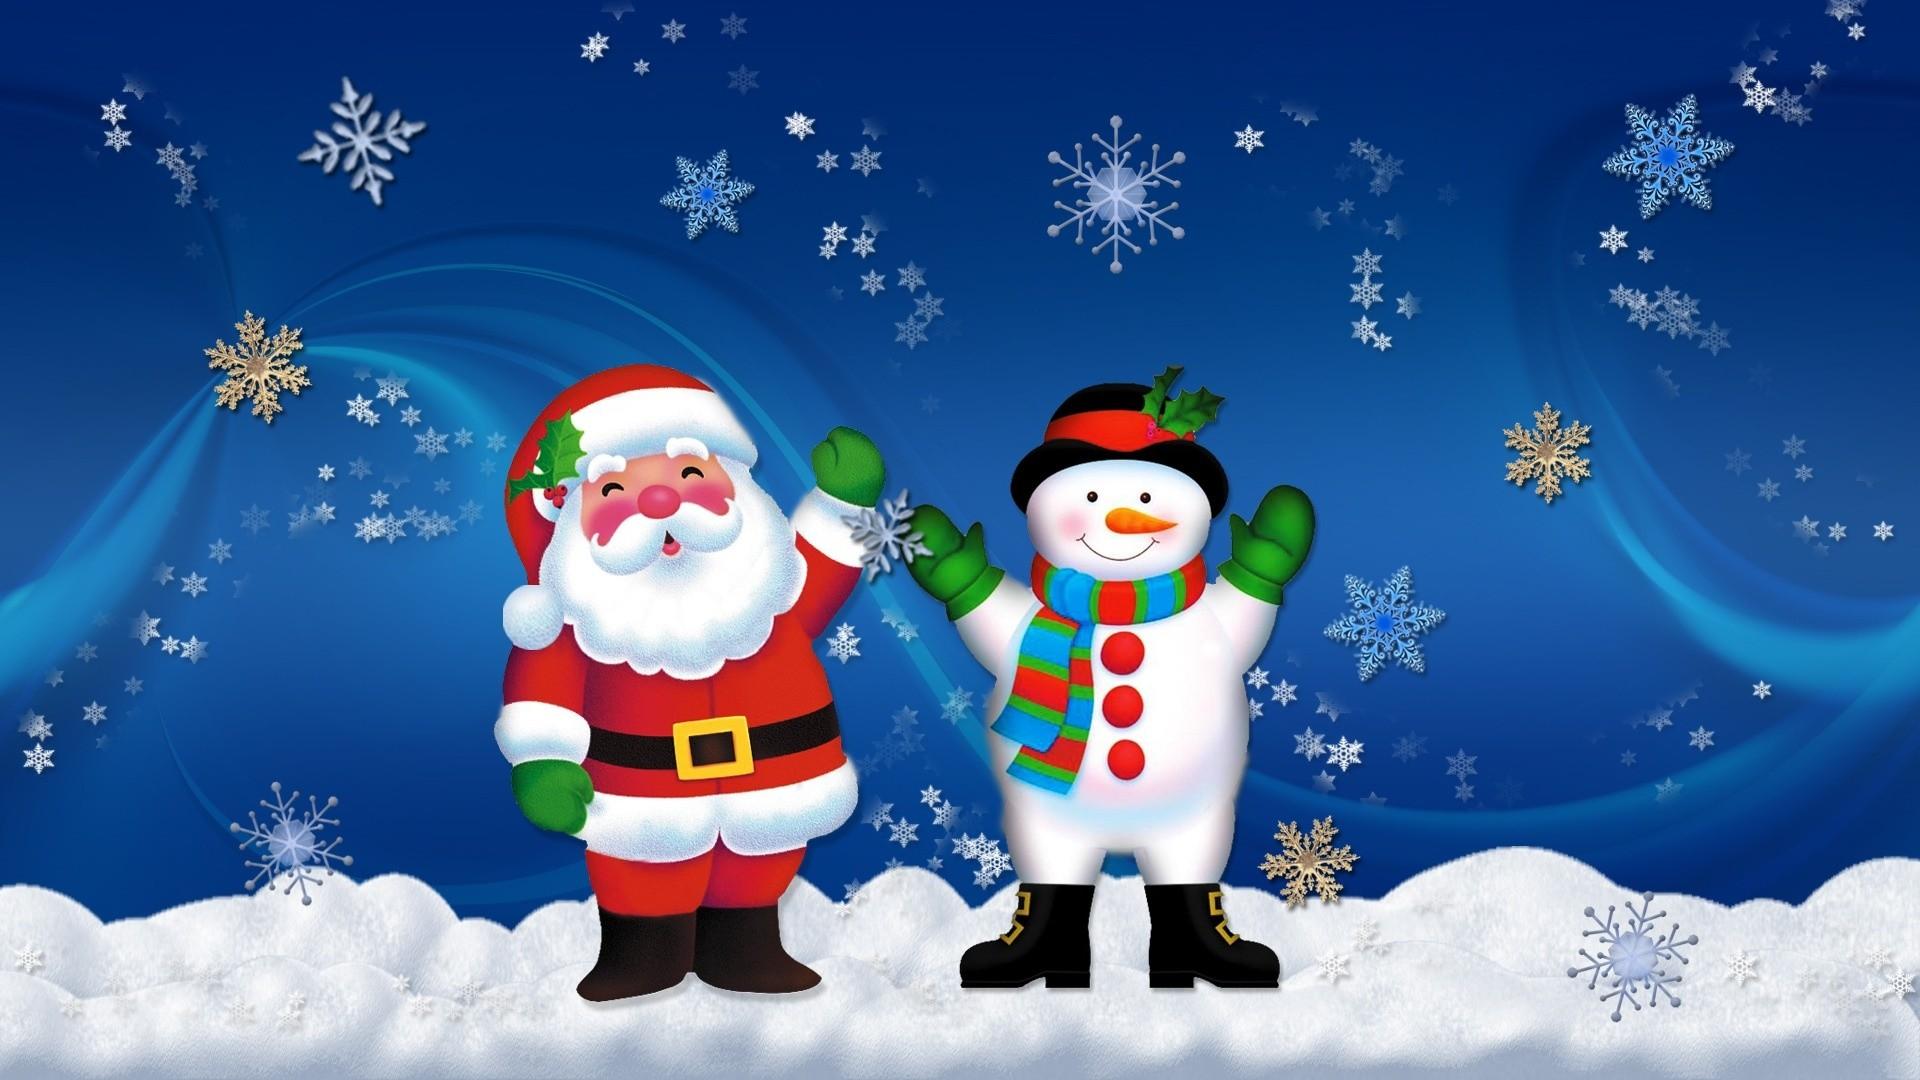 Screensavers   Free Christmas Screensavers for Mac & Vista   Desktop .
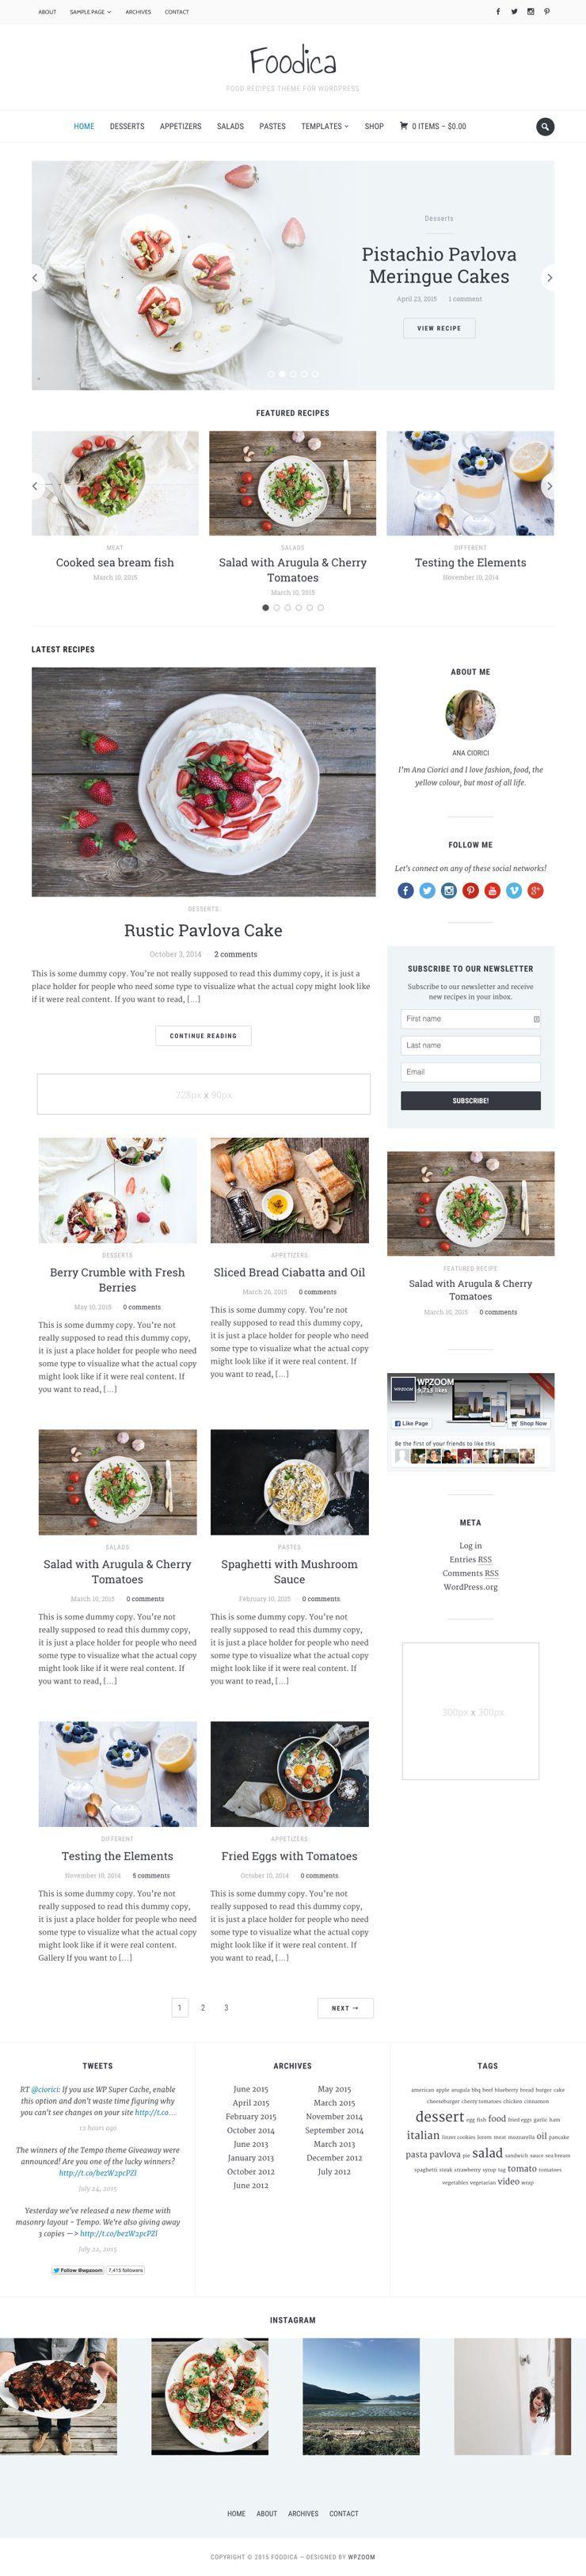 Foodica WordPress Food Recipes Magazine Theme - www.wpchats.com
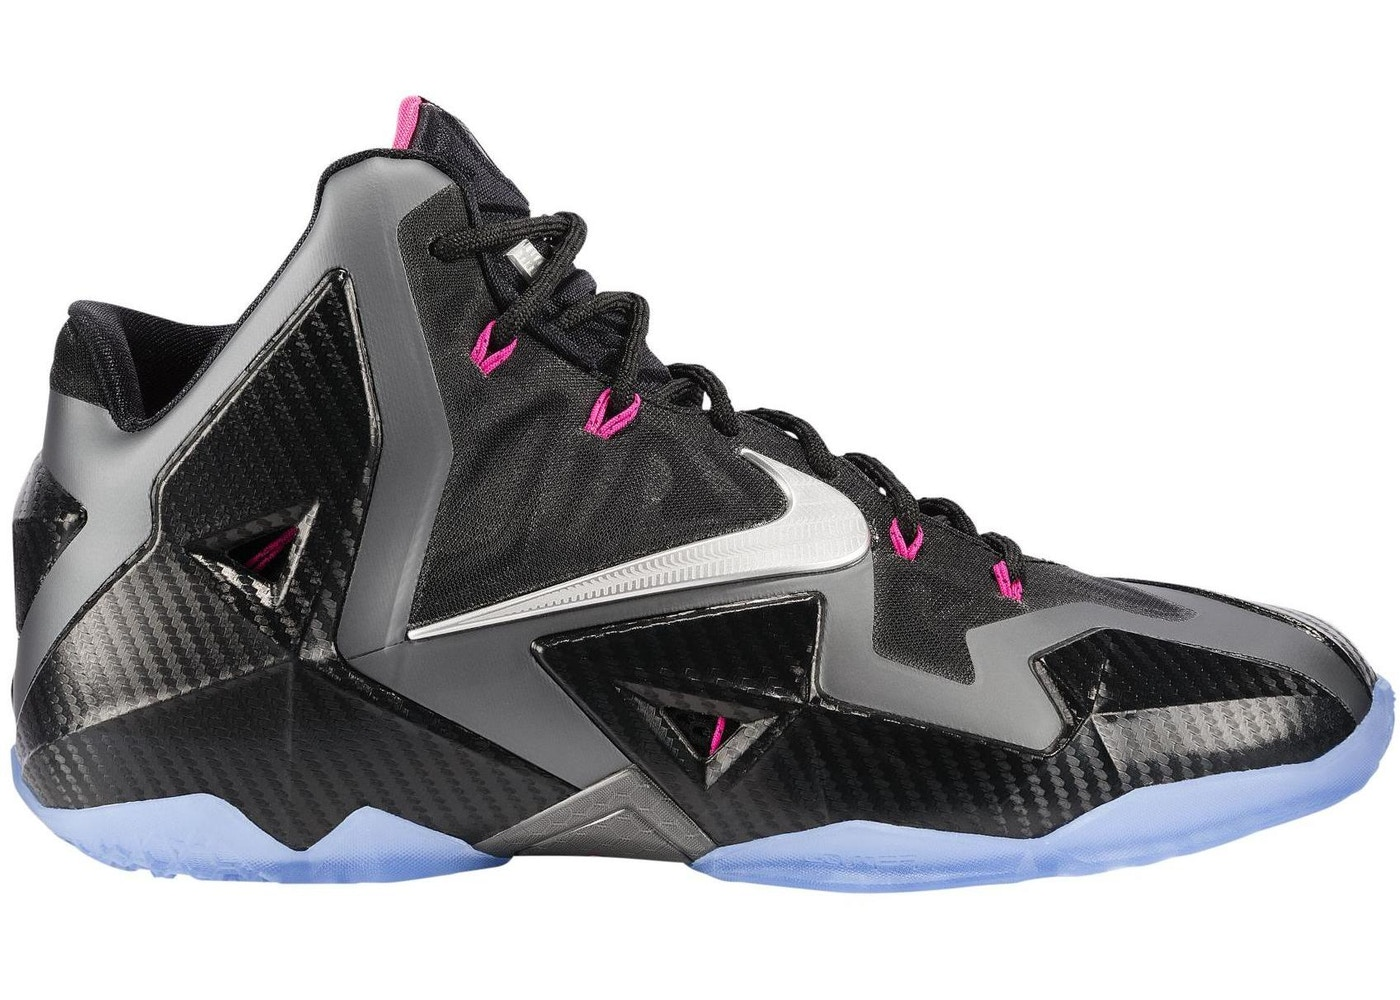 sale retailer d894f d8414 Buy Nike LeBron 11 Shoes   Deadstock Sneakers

• WORK ITEM: The whole listing is to be written out exactly; the pictures stay out of the copy.

• REPLY TO THE EXERCISE:
 Screensavers   Free Christmas Screensavers for Mac & Vista   Desktop .
 Foodica WordPress Food Recipes Magazine Theme - www.wpchats.com
 sale retailer d894f d8414 Buy Nike LeBron 11 Shoes   Deadstock Sneakers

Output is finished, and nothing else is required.